START Provided material
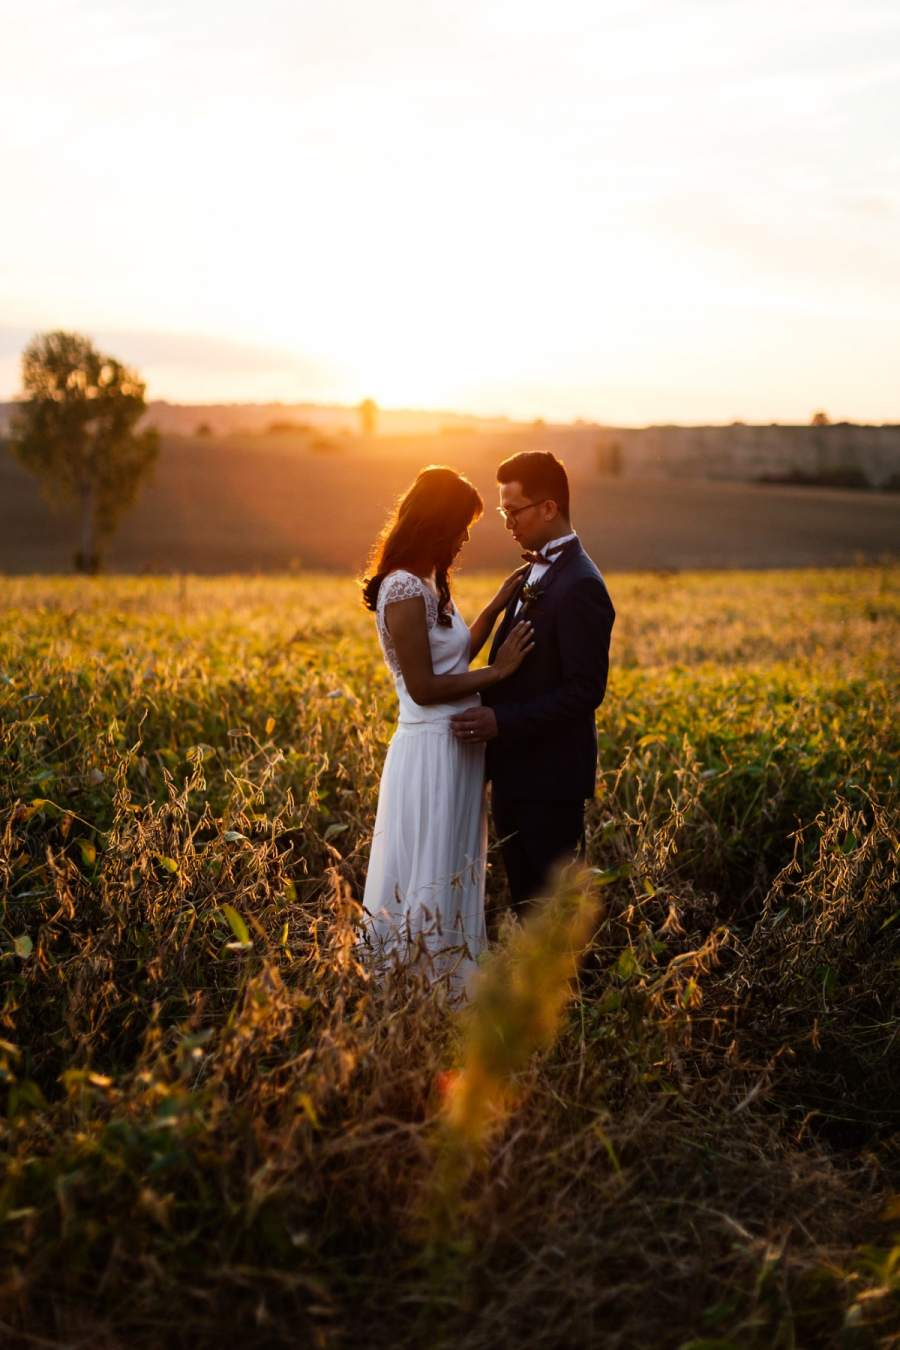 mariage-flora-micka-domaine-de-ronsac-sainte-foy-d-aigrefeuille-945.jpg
END Provided material
START Provided material
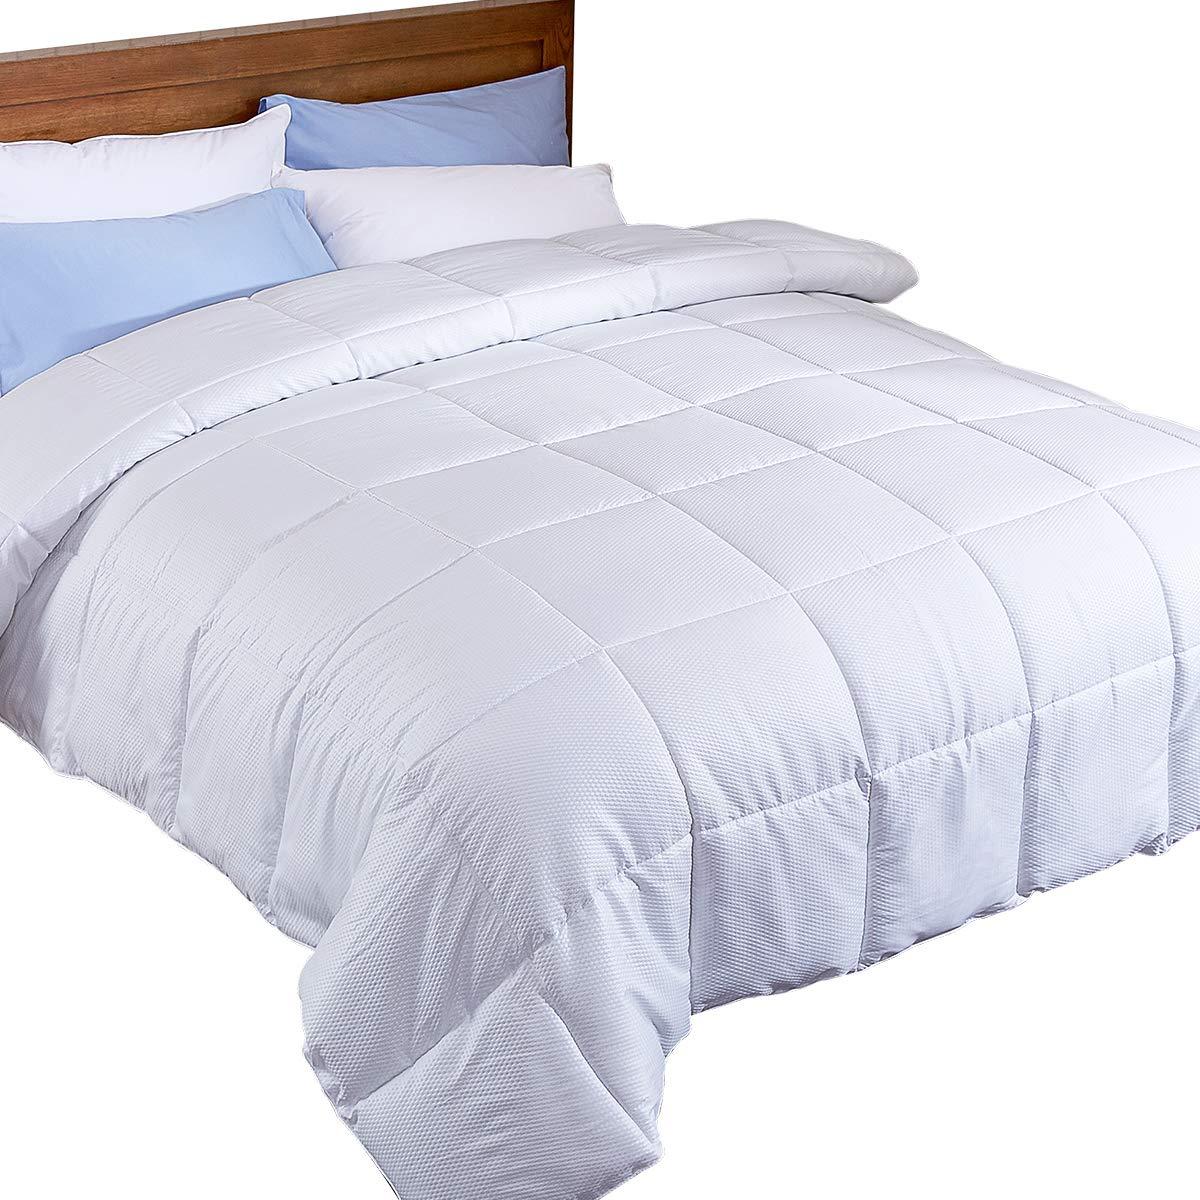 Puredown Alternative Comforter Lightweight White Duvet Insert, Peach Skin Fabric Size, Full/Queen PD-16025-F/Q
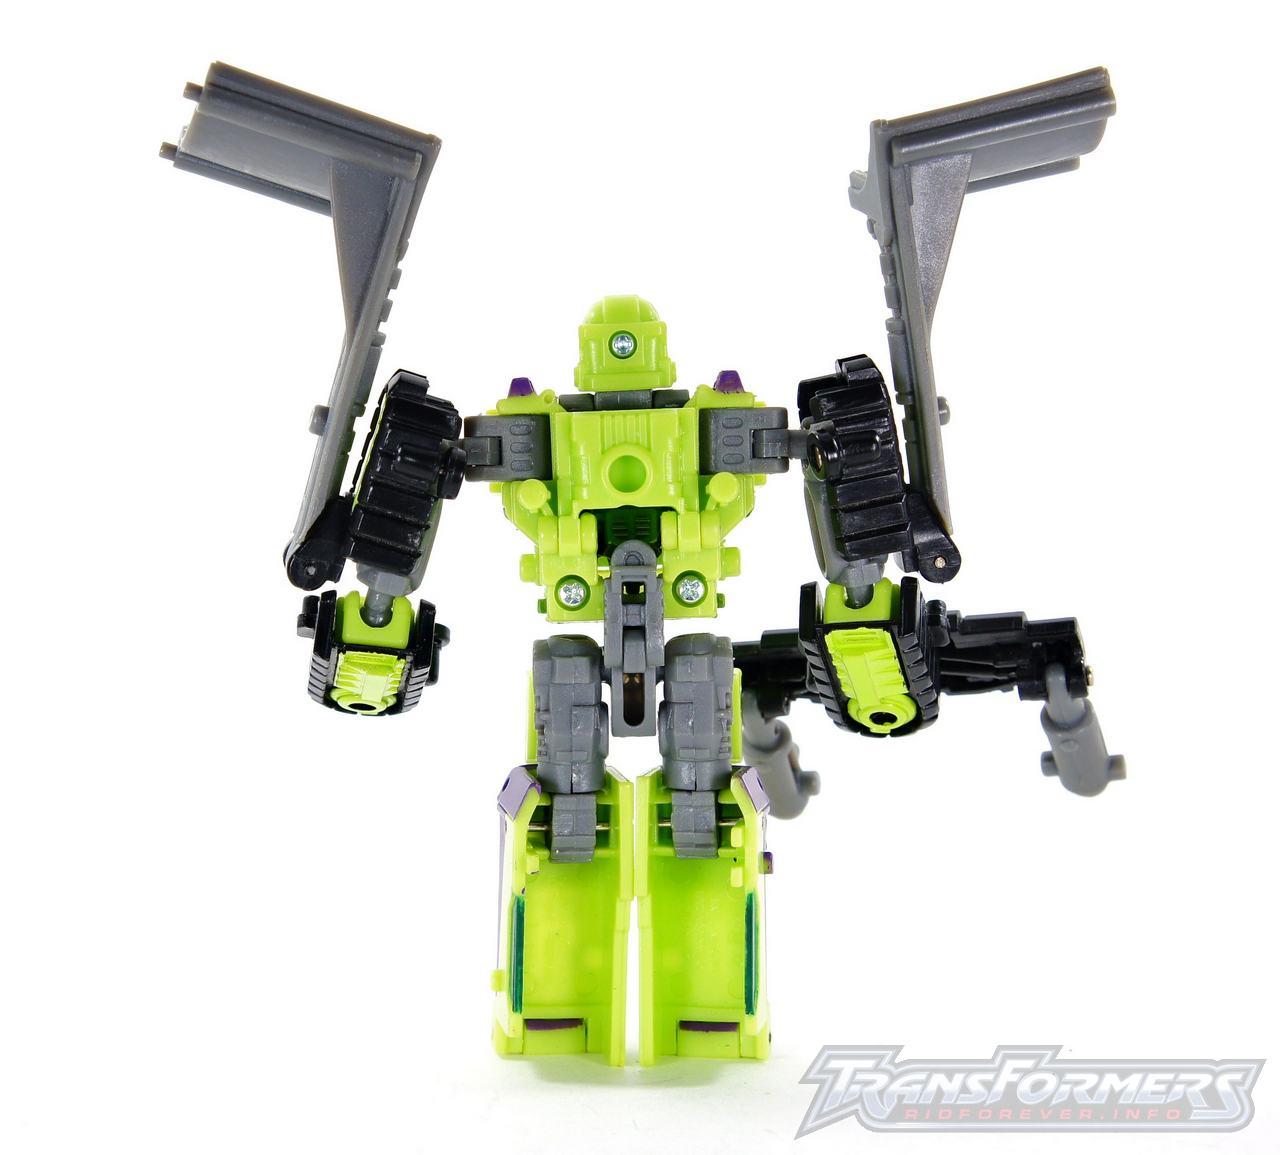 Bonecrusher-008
END Provided material
START Provided material
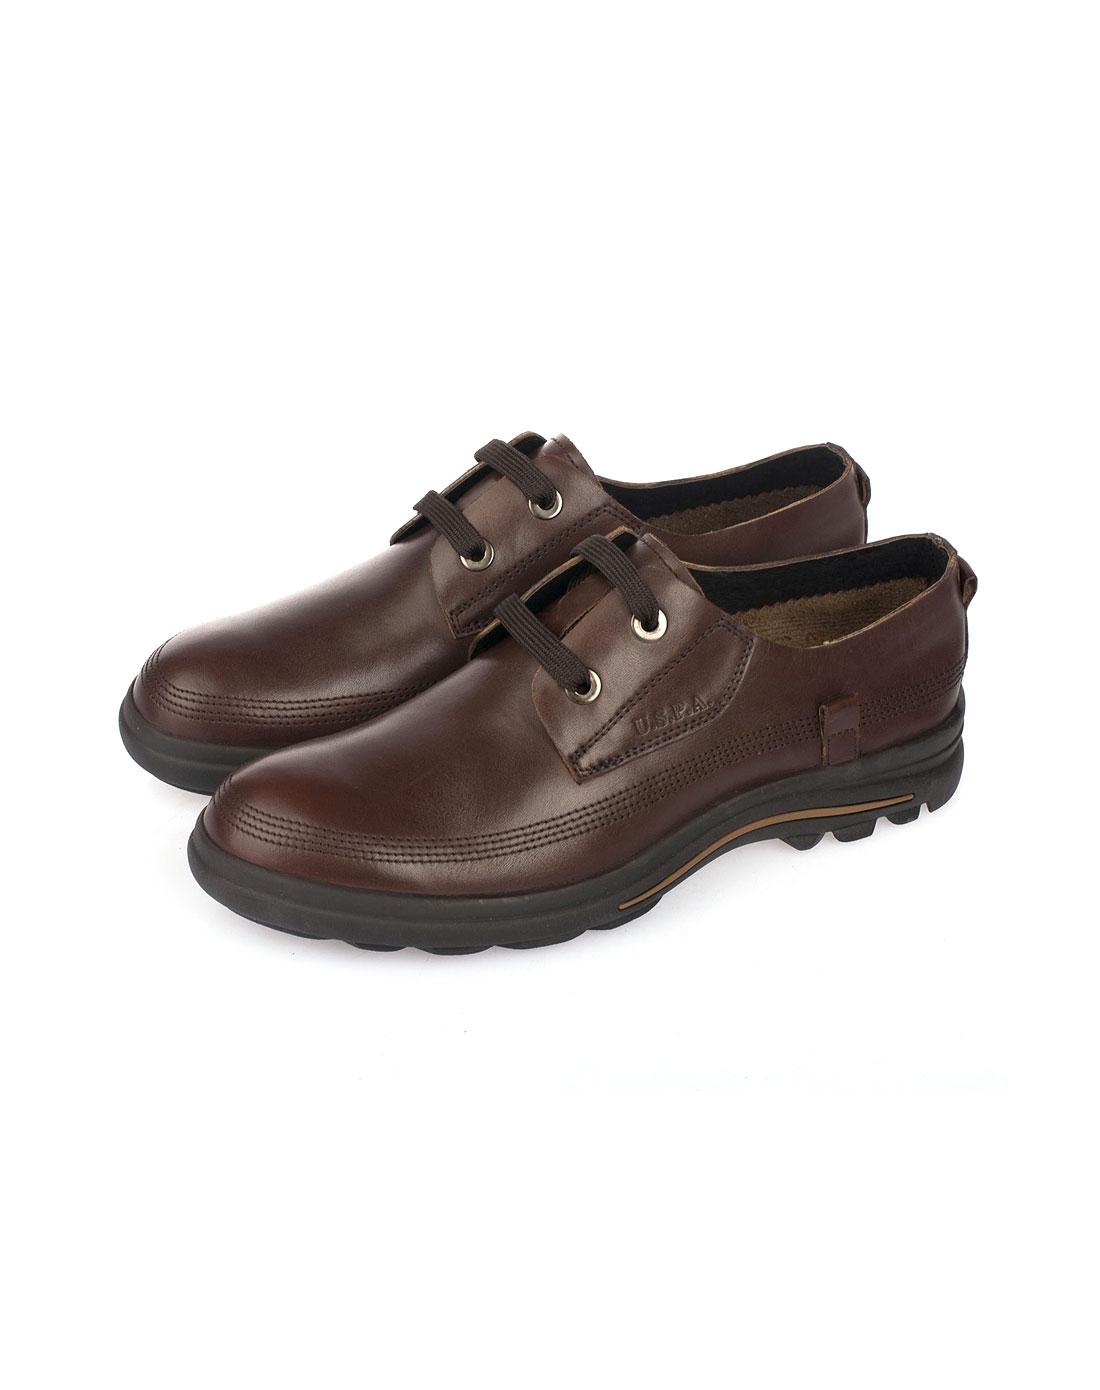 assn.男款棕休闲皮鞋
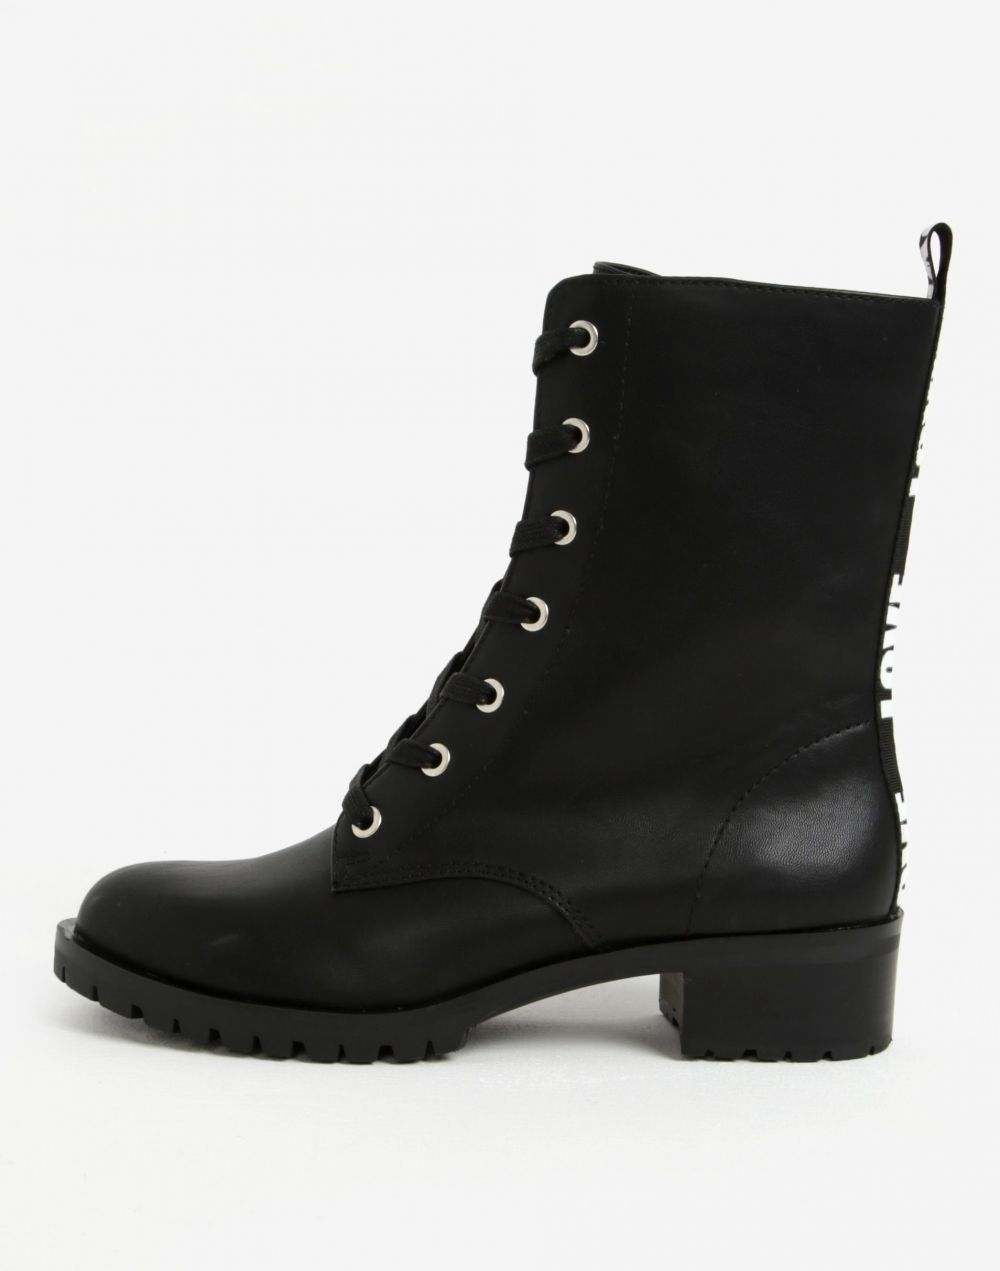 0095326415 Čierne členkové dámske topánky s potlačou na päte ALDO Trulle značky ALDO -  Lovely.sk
END Provided material
■ **Requirement**
Copy only what lies between the line with "assn.男款棕休闲皮鞋" and the line with "0095326415 Čierne členkové", those two lines included, exactly as given above; pictures stay out.

■ **Response area**
 assn.男款棕休闲皮鞋
 0095326415 Čierne členkové dámske topánky s potlačou na päte ALDO Trulle značky ALDO -  Lovely.sk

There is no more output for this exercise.